Reading difficult work earlier develops higher reading comprehension faster.
> Likewise, what is wrong with using M&Ms for learning math?
I think if by 4th grade you still need concrete pieces to understand integers or denominators of a fraction or whatever they were supposed to represent, that is a sign of a weak math education. In general concrete examples are antithetical to learning advanced math, this leads do the monkey-style ability to solve problems that are similar ones presented in textbooks, but not the ability to reason effectively about an unfamiliar problems.
It helps that your graduate schools and corporations are full of people educated in other countries. Immigration is great.

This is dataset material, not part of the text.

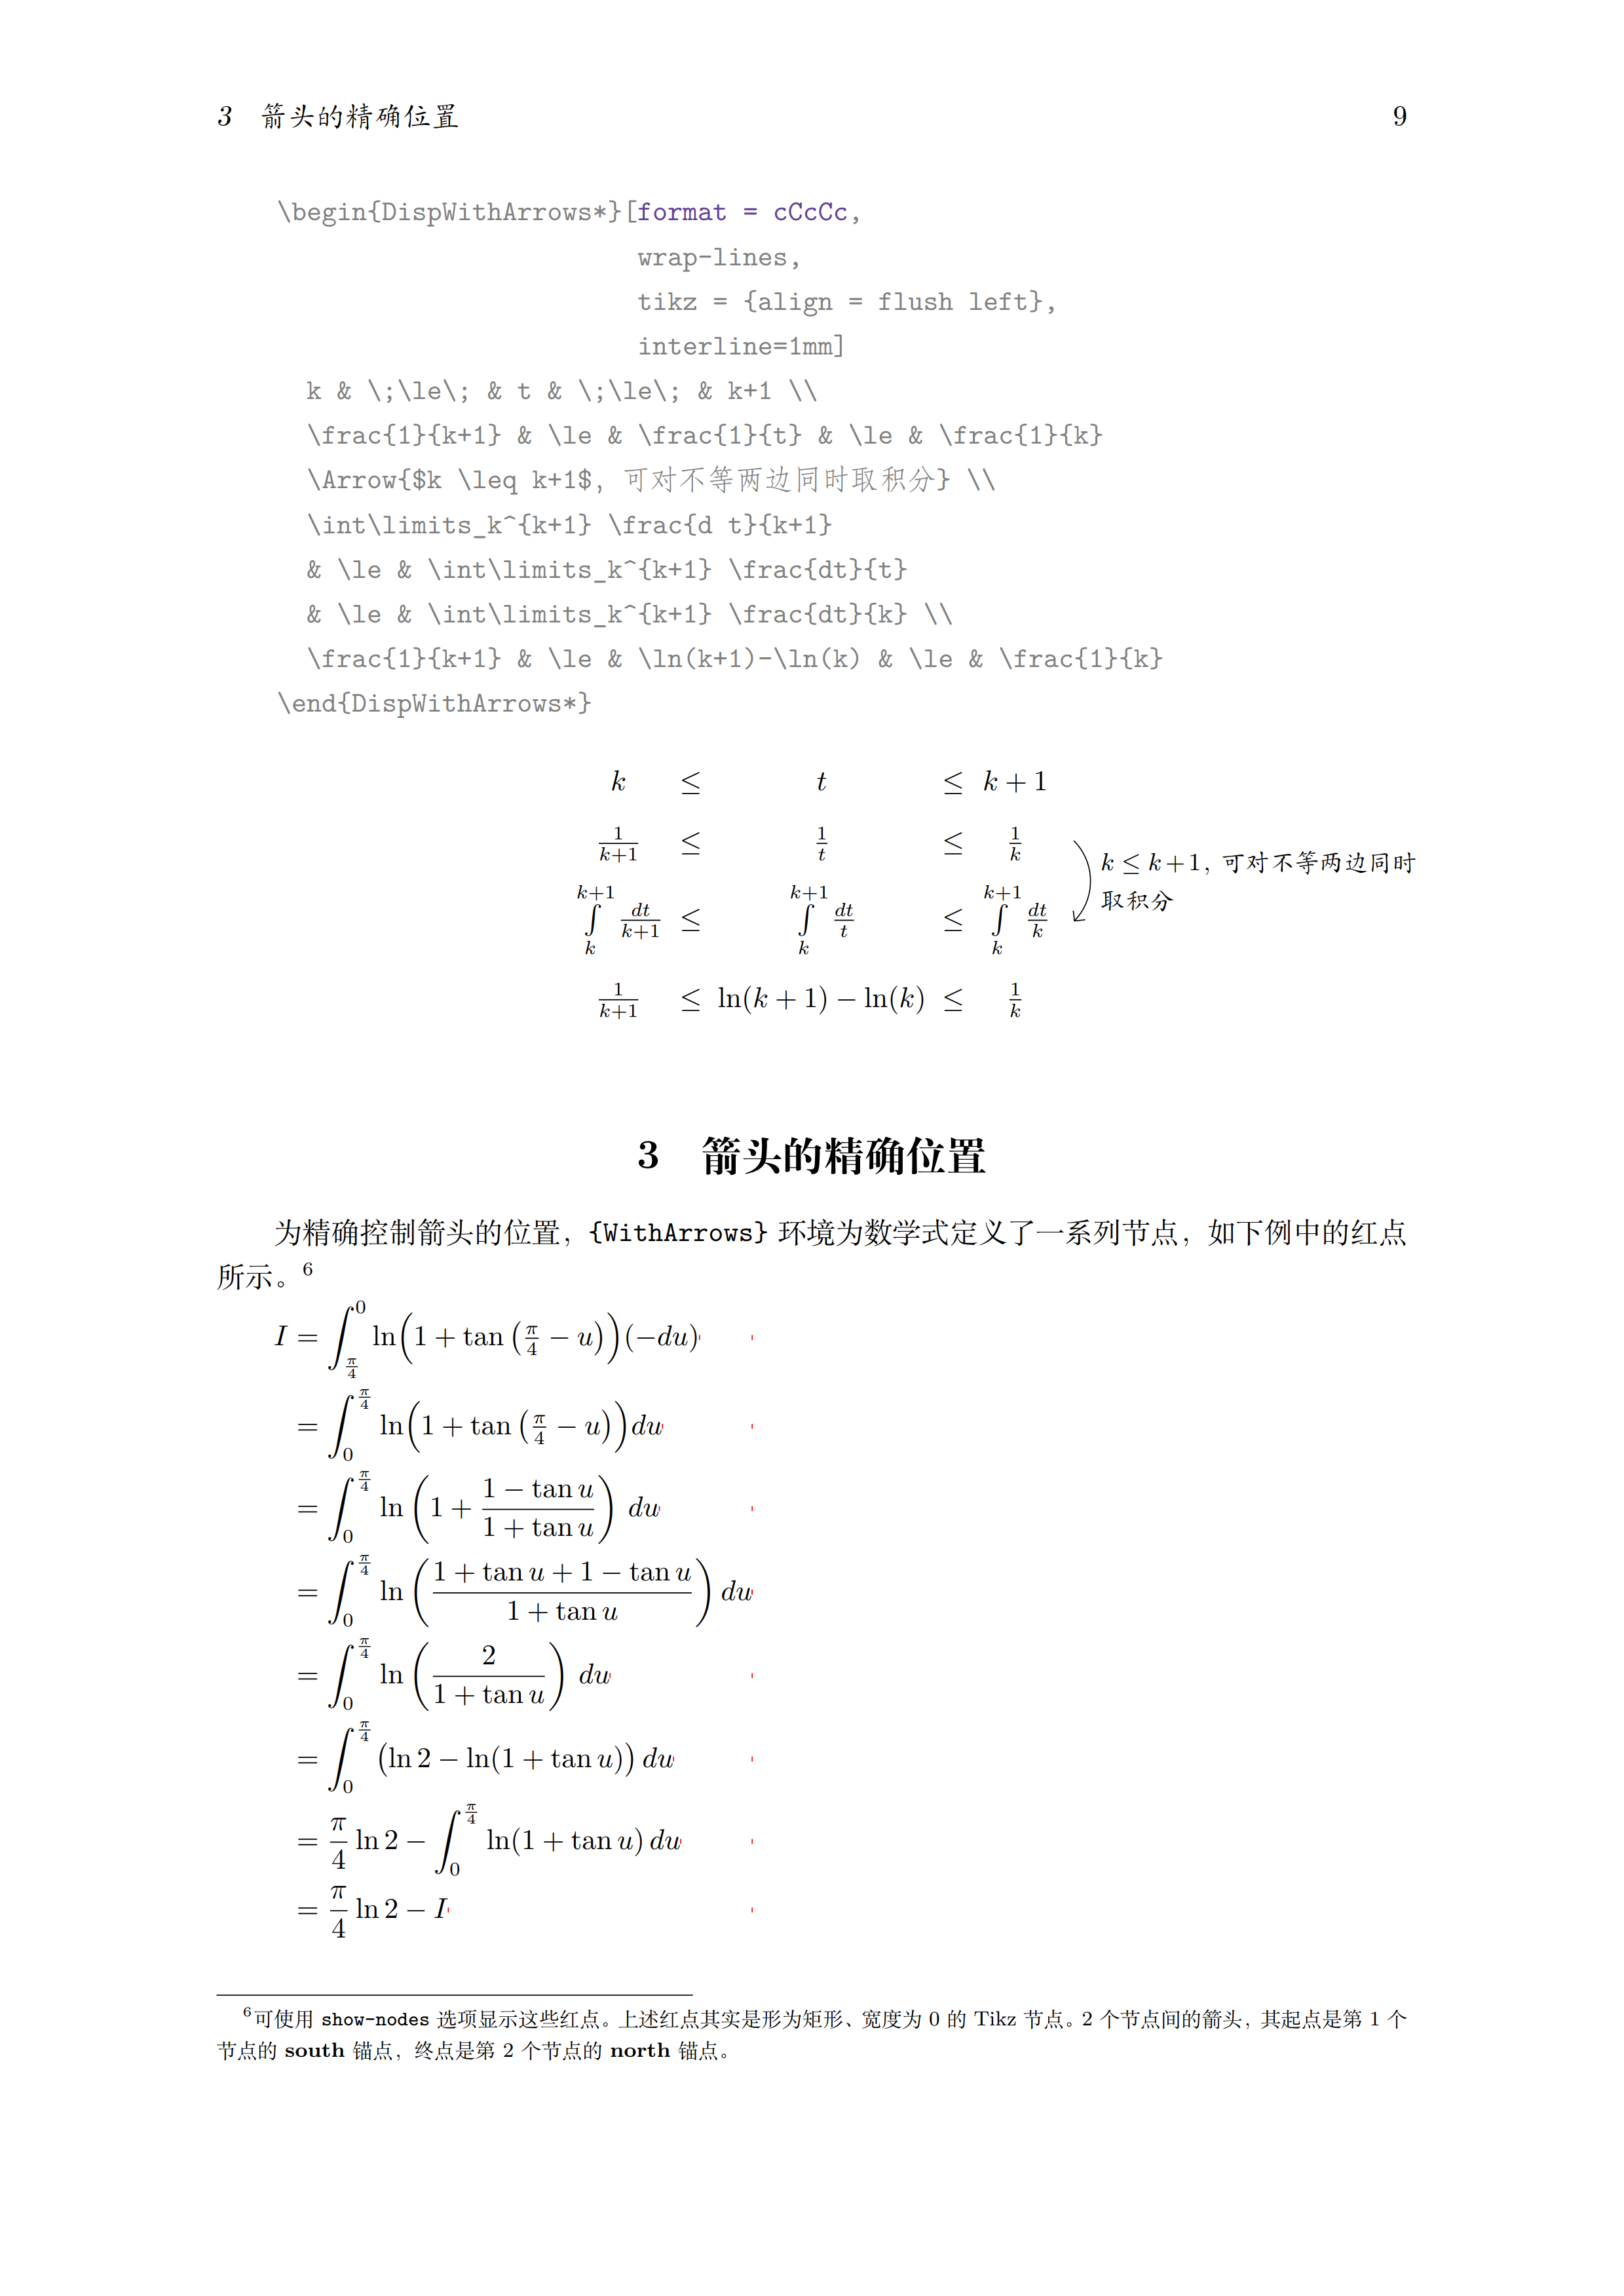 witharrows 宏包手册(中译版)

This is because just pumping money into failing schools does not magically turn them around. There is little correlation between per capita secondary education spending and student outcomes.
Of course funding per pupil isn't correlated to outcomes. Funding per pupil normalized to their levels of needs and preparedness might be.
Once a certain amount of dollars are actually reaching the class room, adding more dollars will simply see most of the additional funds absorbed by hiring more administrators, prestige projects like sports facilities, "classroom technology" projects etc.
To detect this limit, simply check the level at which teachers begin paying for school supplies for their students from their own pockets and then back it off about 10%.
Surely "add on about 10%"?
In the Northeast US, you'll generally see the best performing districts have a lower amount spent per child than the underperforming districts.
The underperforming districts will have higher property taxes (as a result of the higher education cost). This generally leads to parents seeking to move to a different school district for financial and educational reasons.
In education, at least, more money does not equate to better students, but instead, more mismanagement.
This definitely needs a citation. It might not have significant correlation either way, but I cannot find a reference for the former (some cursory googling [0][1]).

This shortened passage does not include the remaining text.